Хейнз произвела корректные вызовы свидетелей. И снова Стэн порадовался, что Лайза была действующим полицейским – то, что начальник полиции участвует в расследовании, не вызывало поднятия бровей.
Ловетт, очевидно, рассматривал не только арену и декорацию частного приема в качестве неизбывного источника легальности, но и всю нанятую для этого обслугу считал безгранично преданной ему. Метрдотель, например, работал у него свыше тридцати лет. Он был рад сотрудничать со следствием – в особенности, когда, будучи законопослушным существом, чуть не лопнул от возмущения, услышав об алиби мифического субъекта.
– Оставьте его слова для недотеп, – хмыкнул он. – Видать, этот тип хотел сказать, что обслуживал какой-нибудь пролетарский пивбар на самом стадионе, но не апартаменты. Там работали только постоянные служащие, а уж особенно в ту ночь.
– Вы уверены?
– А как же? – удивился метрдотель. – Самый крупный матч за десятилетие, присутствует – шутка сказать! – Тайный Совет всеми собственными персонами. Но мне не понадобился обычный состав – их всего было на вечере шестеро, персон этих. Ни помощников-секретарш, ни даже охраны. Так что в тот вечер нас работало всего четверо – Март'нес и Эби за стойкой, Вэнс бегал, если что-то требовалось с кухни. Они и не ели-то в тот вечер как следует, даже Краа. Простите, пожалуйста, последние слова не записывайте, пожалуйста, ладно?
Хейнз обнадежила его – обещала, что не будет.

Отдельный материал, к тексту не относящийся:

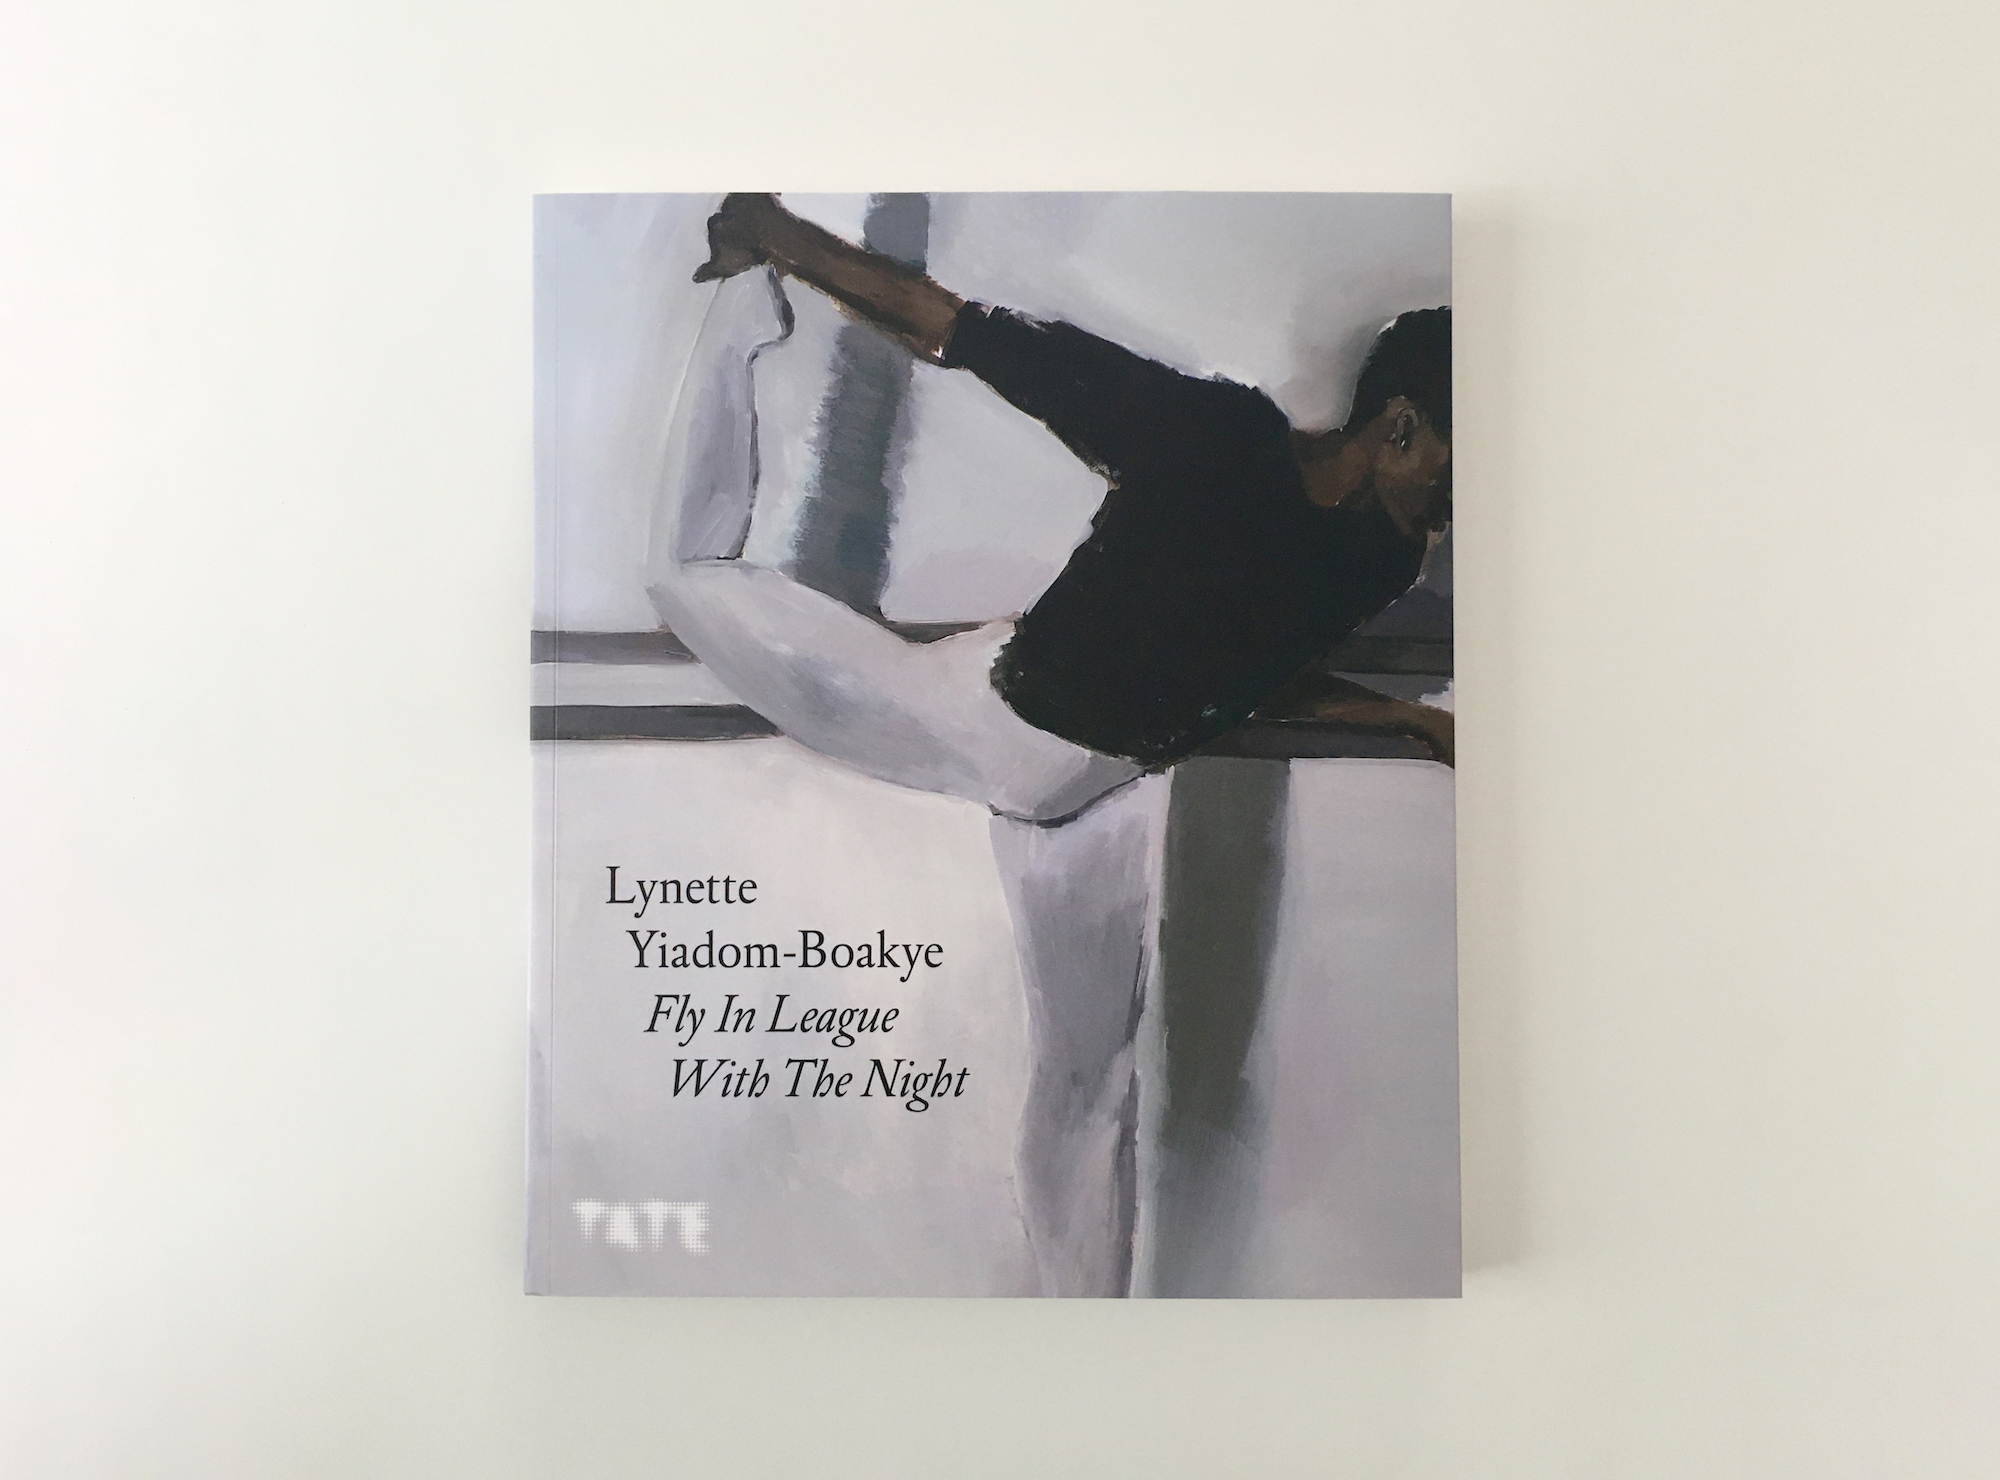 Lynette Yiadom-Boakye: Fly In League With The Night published by Tate, 2020
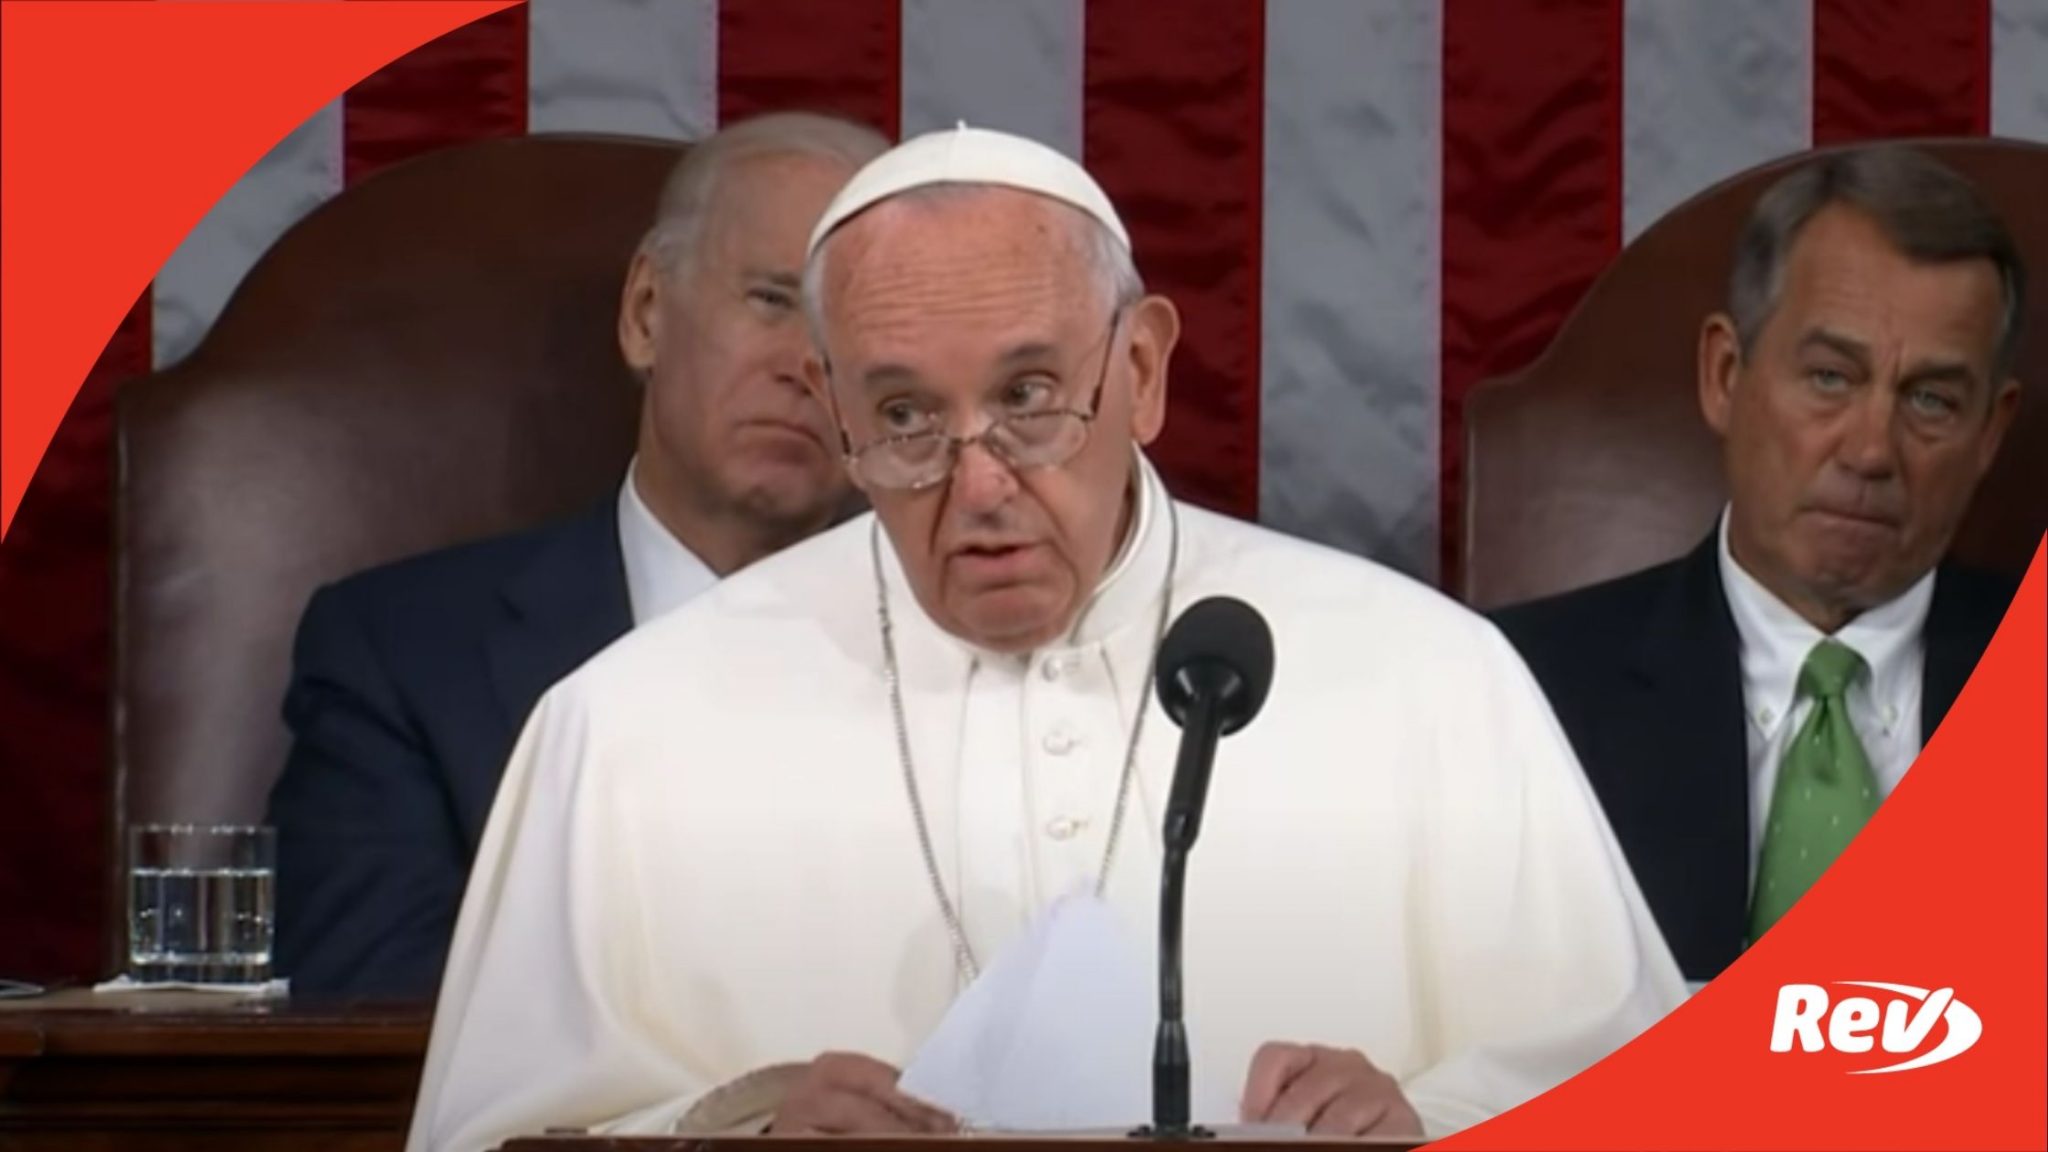 Pope Francis Speech to Joint Session of Congress Transcript

Человечек сказал, что был бы счастлив посмотреть лжецу-убийце в глаза на суде, на что Хейнз ответила – сомневаюсь, что в этом возникнет нужда; других свидетельских показаний вполне достаточно, просто необходимо проверить неувязанный конец.
Затем она спросила словно невзначай:
– Должно быть, вас дрожь пробирала – находиться поблизости от таких властелинов...
– Да нет, – ответствовал метр. – Как-никак, Ловетт и раньше проводил приемы с участием важных персон. Конечно, во сто раз менее масштабные, чем устраивал его отец. Гостей приглашал совсем немного и очень редко; он ведь так занят, управляя всем. Раз или два с тех пор... с тех пор, как убили Императора. Я считал себя человеком невпечатлительным. Оказалось, не так. Лучше бы мне не быть таким честным, право.